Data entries
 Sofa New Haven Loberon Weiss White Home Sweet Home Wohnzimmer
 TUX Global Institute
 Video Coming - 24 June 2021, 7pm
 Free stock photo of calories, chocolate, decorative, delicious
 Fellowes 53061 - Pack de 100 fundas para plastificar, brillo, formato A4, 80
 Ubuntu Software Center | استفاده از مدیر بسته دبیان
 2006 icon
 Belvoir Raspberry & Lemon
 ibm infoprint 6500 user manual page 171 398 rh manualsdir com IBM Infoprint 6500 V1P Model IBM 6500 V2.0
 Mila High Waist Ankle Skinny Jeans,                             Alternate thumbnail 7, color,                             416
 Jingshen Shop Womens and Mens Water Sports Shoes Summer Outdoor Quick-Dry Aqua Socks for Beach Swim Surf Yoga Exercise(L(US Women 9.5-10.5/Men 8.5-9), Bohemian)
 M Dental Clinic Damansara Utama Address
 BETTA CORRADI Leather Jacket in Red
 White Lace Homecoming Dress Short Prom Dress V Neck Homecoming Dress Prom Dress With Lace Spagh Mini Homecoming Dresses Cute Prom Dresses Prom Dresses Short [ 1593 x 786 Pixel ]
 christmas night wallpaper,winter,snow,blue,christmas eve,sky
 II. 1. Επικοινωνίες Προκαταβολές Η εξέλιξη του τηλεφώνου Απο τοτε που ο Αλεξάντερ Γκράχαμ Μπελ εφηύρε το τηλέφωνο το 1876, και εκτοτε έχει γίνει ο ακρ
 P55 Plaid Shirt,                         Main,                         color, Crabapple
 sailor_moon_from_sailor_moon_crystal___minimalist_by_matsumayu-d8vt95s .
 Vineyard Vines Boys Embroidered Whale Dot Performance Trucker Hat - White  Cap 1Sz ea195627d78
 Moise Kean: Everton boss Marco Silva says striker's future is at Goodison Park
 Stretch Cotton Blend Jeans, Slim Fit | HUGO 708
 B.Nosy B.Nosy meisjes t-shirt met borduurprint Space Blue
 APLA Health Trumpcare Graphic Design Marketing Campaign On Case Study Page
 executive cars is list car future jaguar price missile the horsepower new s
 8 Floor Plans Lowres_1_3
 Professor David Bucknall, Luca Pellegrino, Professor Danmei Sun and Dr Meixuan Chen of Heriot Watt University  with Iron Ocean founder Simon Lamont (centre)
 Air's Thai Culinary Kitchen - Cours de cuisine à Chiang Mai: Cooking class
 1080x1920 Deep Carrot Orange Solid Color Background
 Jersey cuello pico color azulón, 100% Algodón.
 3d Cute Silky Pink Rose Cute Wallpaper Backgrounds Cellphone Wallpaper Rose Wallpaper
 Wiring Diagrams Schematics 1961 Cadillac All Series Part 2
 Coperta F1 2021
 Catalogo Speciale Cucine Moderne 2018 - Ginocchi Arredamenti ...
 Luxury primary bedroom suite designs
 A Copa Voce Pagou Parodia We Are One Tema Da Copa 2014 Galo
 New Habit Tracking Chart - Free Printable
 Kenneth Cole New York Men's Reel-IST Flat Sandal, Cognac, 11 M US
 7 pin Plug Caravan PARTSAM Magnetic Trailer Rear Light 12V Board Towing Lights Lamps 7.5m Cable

• [Problem to solve]: Please, from the entries above, set down exactly the lines from the one containing "Free stock photo" through the one containing "christmas night wallpaper,winter,snow,blue,christmas", and only those.

• [Problem solution]:
 Free stock photo of calories, chocolate, decorative, delicious
 Fellowes 53061 - Pack de 100 fundas para plastificar, brillo, formato A4, 80
 Ubuntu Software Center | استفاده از مدیر بسته دبیان
 2006 icon
 Belvoir Raspberry & Lemon
 ibm infoprint 6500 user manual page 171 398 rh manualsdir com IBM Infoprint 6500 V1P Model IBM 6500 V2.0
 Mila High Waist Ankle Skinny Jeans,                             Alternate thumbnail 7, color,                             416
 Jingshen Shop Womens and Mens Water Sports Shoes Summer Outdoor Quick-Dry Aqua Socks for Beach Swim Surf Yoga Exercise(L(US Women 9.5-10.5/Men 8.5-9), Bohemian)
 M Dental Clinic Damansara Utama Address
 BETTA CORRADI Leather Jacket in Red
 White Lace Homecoming Dress Short Prom Dress V Neck Homecoming Dress Prom Dress With Lace Spagh Mini Homecoming Dresses Cute Prom Dresses Prom Dresses Short [ 1593 x 786 Pixel ]
 christmas night wallpaper,winter,snow,blue,christmas eve,sky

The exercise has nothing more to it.